Agarrei-me aos 10% que nos vacinaste com unhas e dentes.
Mesmo quando o Amorim teve que meter no miolo Essugo e Tanlongo eu pensei que tínhamos ali a nata dos futebolistas e que entrasse quem entrasse naquele momento chegava e sobrava para os milionários gunners, tal era o meu estado de "embriaguez" que a exibição me estava a deixar naquele momento e sobretudo a acreditar...acho que foi muito por aí que esteve a chave do jogo, os jogadores do Sporting foram acreditando que eram capazes.
Recordo uma das primeiras intervenções do Essugo que foi desastrosa e ia dando golo, os colegas ampararam-no, o Inácio abracou-o e o Esgaio deu-lhe um calduço! Abre os olhos menino, poe-te fino tu consegues! E conseguiu!
Bateu-se que nem um jogador experimentado.
Uma noite de muito orgulho!
Se podem acontecer muitos milagres destes?
Não não podem. Mas após o Man City do golo do Chandao, este já é o segundo a que assisto!

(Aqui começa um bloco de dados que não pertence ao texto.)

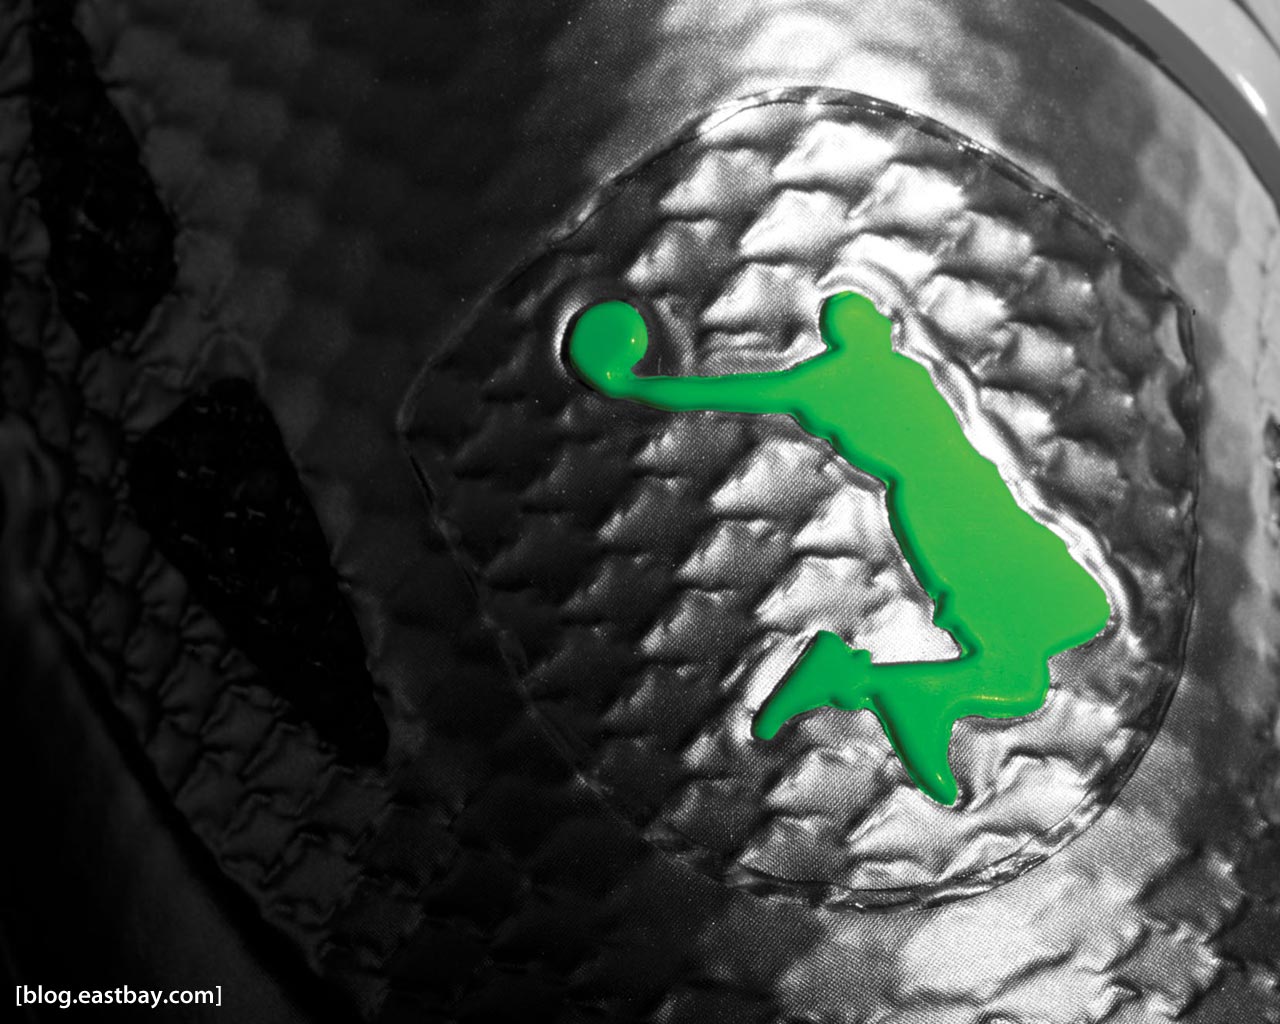 Nike Lebron Dunk Wallpapers
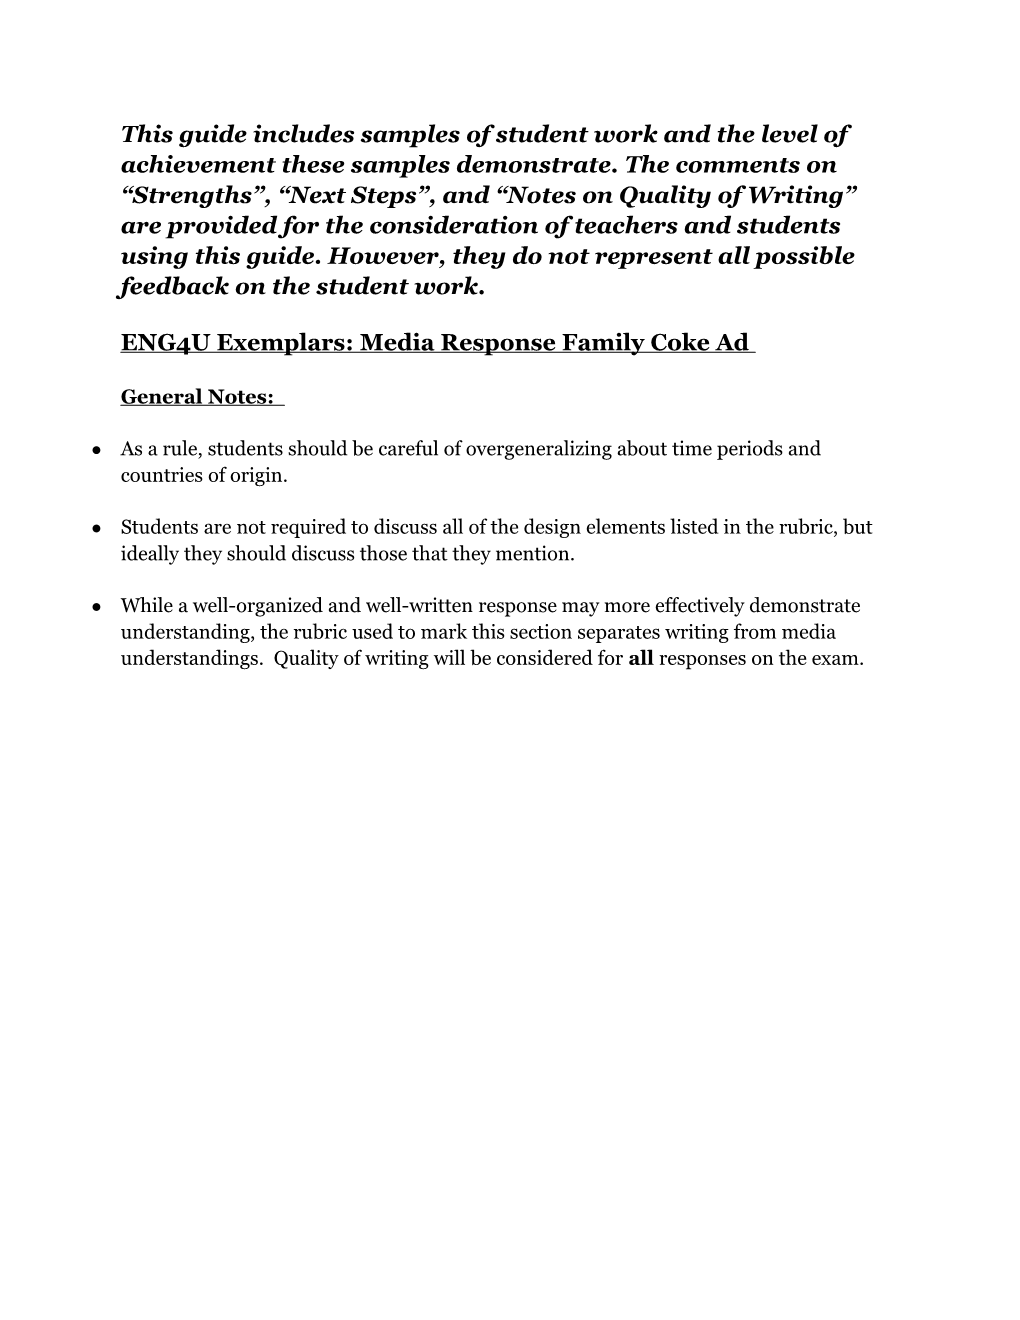 ENG4U Media Response Exemplars for Distribution

Ontem o Ruben Amorim dizia que estava chateado por não ver exibições destas todos os fins de semana. Também eu, que desespero com esta bipolaridade (palavras do treinador). Mas pelo menos esta passagem vem atenuar-me a dor e sofrimento desta época. Nunca pensei que o Sporting tivesse hipótese de passar. Nem 10% eu dava. Estava com medo de mais uma goleada. Disse varias vezes aos amigos que só rezando muito, de joelhos e tudo. Espero é que a próxima época seja melhor preparada e, se possível, sem vendas, principalmente aquelas em cima da hora do fecho do mercado que deixam a equipa mais fraca.